La funda era roja, terminada en un elástico que se adaptaba como un guante a las curvas del coche y que tenía impreso, en rojo y negro, el escudo del caballo de carreras. Aquel bólido subía la cuesta de las Perdices a ciento cincuenta, armando un escándalo terrible que hacía temblar del susto a las sillas y mesas de las terrazas y de envidia mortal a todos sus ocupantes.
El verano del 74, con sus colores rechinando en esa grimosa mezcla de marrones y naranjas, de cuellos picudos, faldas largas y pantalones acampanados, conviviendo en discordancia con las últimas minifaldas tableadas y botas de caña alta que aún salían de las profundidades de algunos armarios, y el coche amarillo que alcanzaba los cien por hora en cinco segundos quedarían impresos en la memoria de Diego como telón de fondo de una historia de amor y abandono que destrozaría su juventud y luego su madurez y que le condicionaría para siempre, incapacitándole de por vida para ser feliz.
La señora viuda de Frieiro, en un tarjetón con letras en cursiva, invitaba a don Diego Quirós a la fiesta de puesta de largo en sociedad de su hija María Fernanda, que se celebraría el día 6 de julio, en el jardín de su casa de S'Agaró, en Playa d'Aro.

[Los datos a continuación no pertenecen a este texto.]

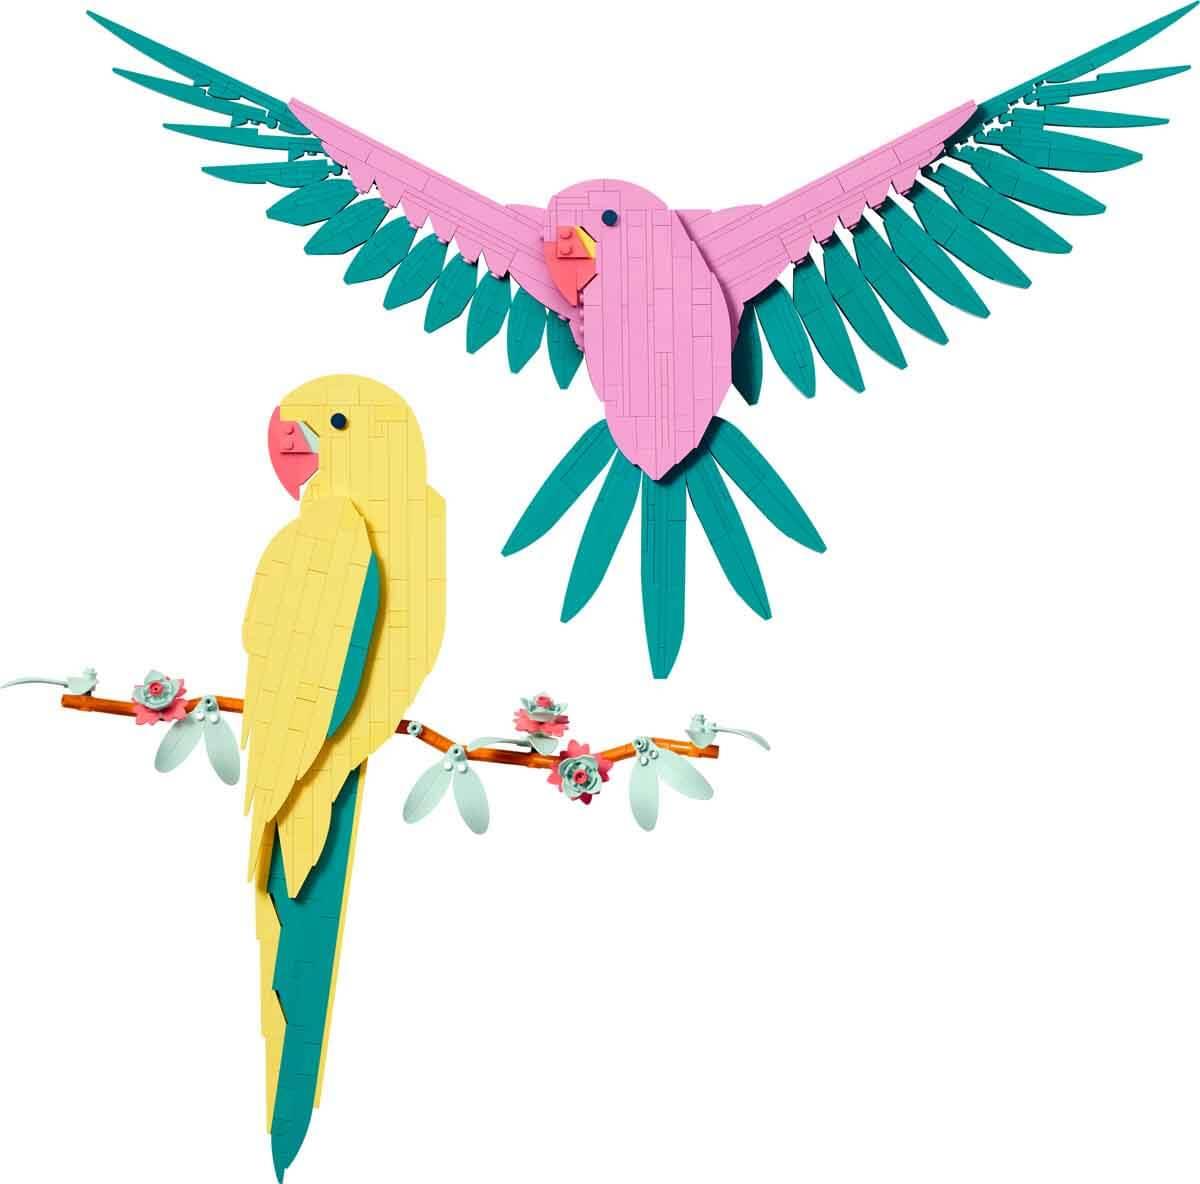 Lego Art Fauna Koleksiyonu - Macaw Papağanları 31211 | Toysall

La madre de Diego mandó el esmoquin al tinte y le acompañó a encargar una camisa nueva al sastre, con grandes chorreras, como se llevaba entonces. Dos semanas después le despidió con un apretado beso en la frente, mientras le entregaba las llaves de la casa de verano advirtiéndole que no hiciera nada en esta vida de lo que pudiera arrepentirse. Su padre, con el ruido del motor de fondo, le metió una fortuna dentro de un bolsillo del pantalón y según le vio desaparecer por detrás del seto envuelto en una nube de humo, le gritó: «¡No corras!», sin esperanza alguna de que Diego le oyera, aunque de haberle oído, tampoco le habría hecho el menor caso. Sus tres hermanas, las niñas, se conformaron con verle partir desde la ventana de la nursery que daba a la calle Serrano, suspirando y sin saber por qué.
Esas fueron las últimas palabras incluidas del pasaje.